Publicatie zuivelmatrix

Is het mogelijk om de eerder beschreven ‘verrassende’ gezondheidseffecten van zuivel te verklaren met de matrixeffecten? In een meerdaagse workshop met 18 inter­nationale wetenschappers van verschillende disciplines werd daarover uitgebreid gediscussieerd eind 2016 in Denemarken. Het doel van de workshop was om de term zuivelmatrix beter te definiëren en in kaart te brengen welke kennishiaten er zijn. Deze kunnen dienen als inspiratiebron voor verder onderzoek naar de zuivel­matrix. De resultaten van de high level workshop zijn recent gepubliceerd in het American Journal of Clinical Nutrition.¹ De publicatie in dit gerenommeerde tijd schrift laat zien dat er veel draagvlak is voor de bevindingen bij collega­-weten­schappers over de zuivelmatrix.

de_voedingsmatrix_meer_dan_de_som_der_nutrienten_kaas

Zuivelmatrix

Zuivelproducten verschillen in voedings­stoffen en structuur van elkaar. Hoewel kaas een hoog vetgehalte heeft, lijkt de verdere samenstelling van kaas meer op die van yoghurt en melk dan op die van boter als het gaat om eiwit­, vitamine­ en mineraal­-samenstelling, waarbij de hoeveel­heden natuurlijk verschillen. De vetten in zuivel kunnen niet gezien worden zonder de biologische membraan die de vetdruppel­tjes in melk omringen: de milk fat globule membrane (MFGM). Yoghurt en kaas zijn beide gefermenteerde zuivelproducten met bacteriën die mogelijk bioactieve peptiden en korte-­keten vetzuren (SCFA’s) produce­ren. Als gekeken wordt naar de structuur, heeft kaas een vaste structuur, yoghurt een gelachtige structuur en melk een vloeibare. Door de verschillende productieprocessen zijn er nog vele andere verschillen te be­noemen. Vanwege de verschillen in samen­stelling en structuur van zuivelproducten achtten de deelnemers van de zuivelma­trixworkshop het aannemelijk dat er andere effecten op de gezondheid zijn te verwach­ten van zuivelproducten dan bij de inname van de individuele voedingsstoffen.

Calcium

Een goed voorbeeld van een matrixeffect zijn de verschillen in de gezondheids­effecten van calcium in supplementvorm en calcium in zuivel. De Gezondheidsraad heeft in het Achtergronddocument Voedingssupplementen bij de Richtlijnen goede voeding 2015 gekeken naar de effecten van calciumsupplementen op de gezond­heid. Hieronder staan de conclusies.

  • Het gebruik van 1,2 gram calcium­supplementen per dag verlaagt de systo­lische bloeddruk met ongeveer 2 mm Hg, maar verhoogt de kans op coronaire hartziekten met ongeveer 30% (hoge bewijskracht)
  • Het gebruik van calciumsupplementen verhoogt de kans op darmkanker (vooral bij ouderen; bewijskracht gering)
  • Een effect van calciumsupplementen op LDL-­cholesterol is onwaarschijnlijk
  • Het gebruik van calciumsupplementen verlaagt de kans op heupfracturen, met name bij postmenopauzale vrouwen (bewijskracht gering)
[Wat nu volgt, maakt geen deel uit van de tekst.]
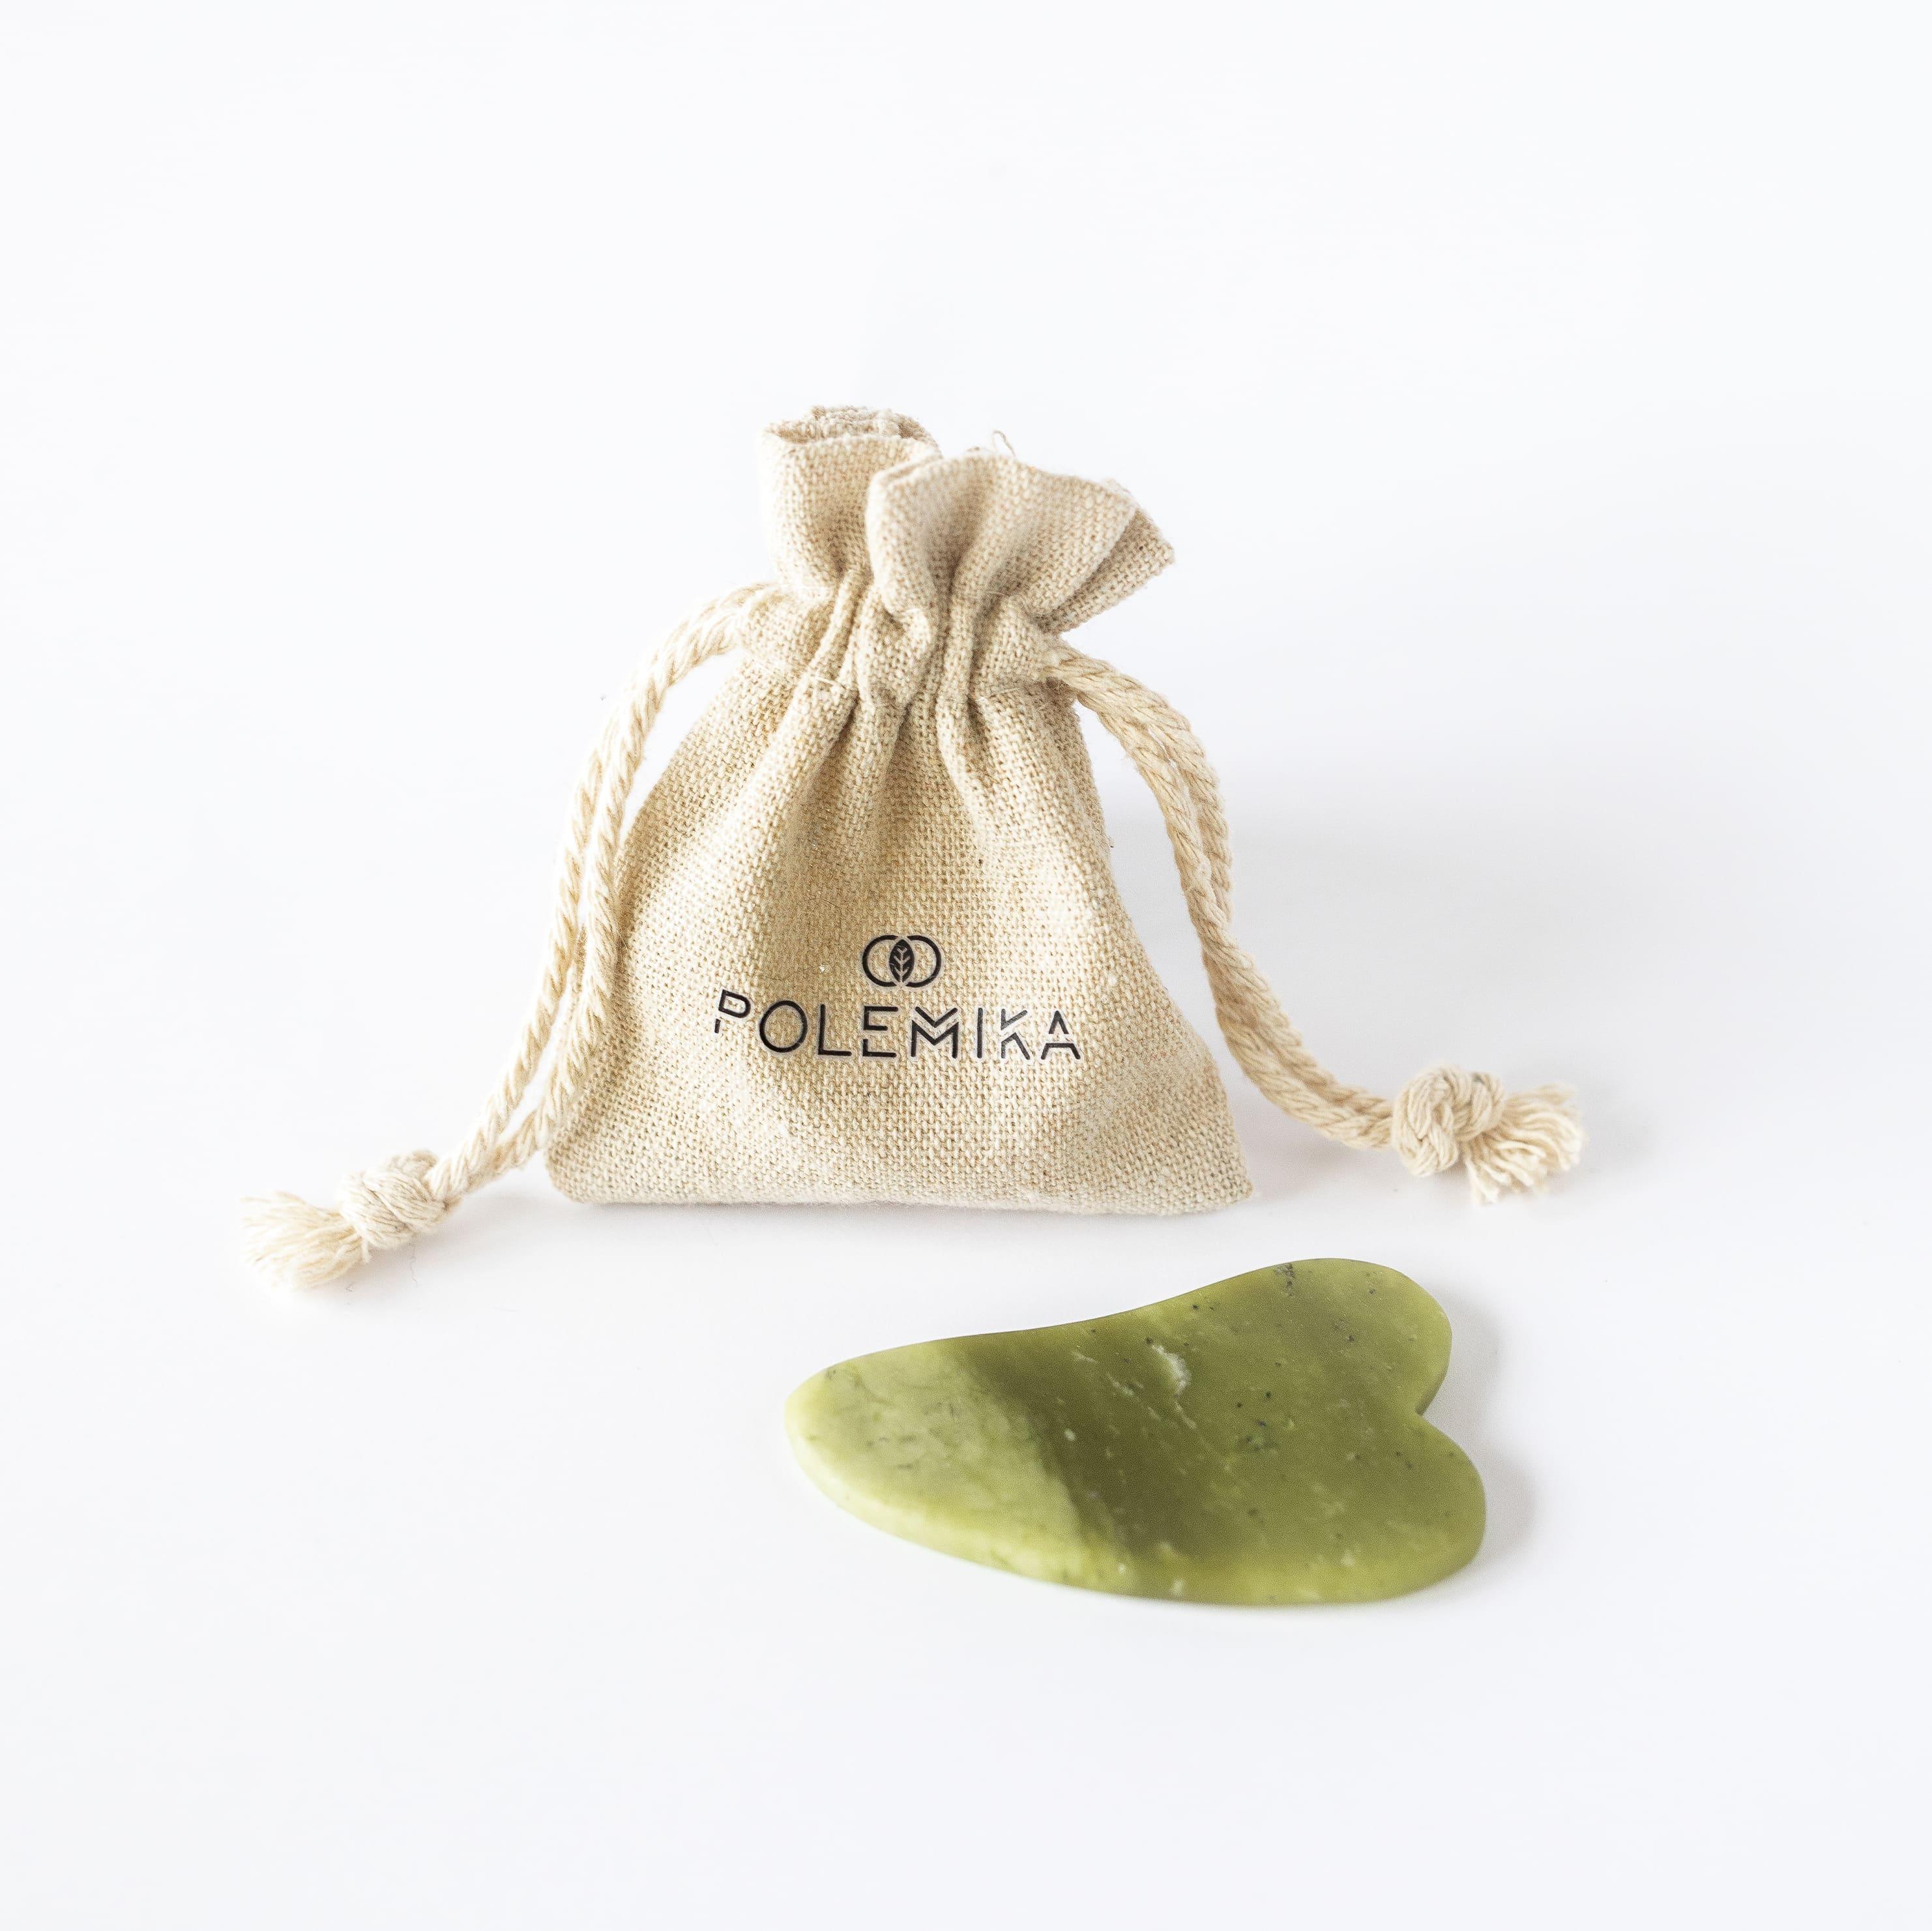 Płytka jadeitowa do masażu gua sha

Wanneer de effecten van calciumsupple­menten worden vergeleken met de effecten van zuivel, valt op dat supplementen (dus calcium alleen) de kans op hart­- en vaat­ziekten verhogen en de kans op darmkanker bij ouderen verhoogt. Dit terwijl zuivel­inname juist wordt geassocieerd met een kleiner risico op hart-­ en vaatziekten en op darmkanker.

Verzadigd vet

Soortgelijke verschillen in gezondheids­effecten worden ook waargenomen bij verzadigd vet en volvette zuivel, zoals in het begin van dit artikel is beschreven.  Hoe kunnen deze verschillen door de zui­velmatrix worden verklaard? Een mogelijke verklaring is dat bloedlipidenconcentraties lager worden door een afgenomen vetab­sorptie in de dunne darm. Er zijn aanwij­zingen dat calcium, fosfor, milk fat globule membrane (MFGM) en startculturen in gefermenteerde zuivelproducten de bloed­lipidenrespons door verzadigd vet beïn­vloeden. Tijdens de matrixworkshop werd geopperd dat de MFGM wellicht een rol speelt bij het reguleren van bloedcholes­terol. Een pleidooi voor meer studies op dit gebied is hier op zijn plaats.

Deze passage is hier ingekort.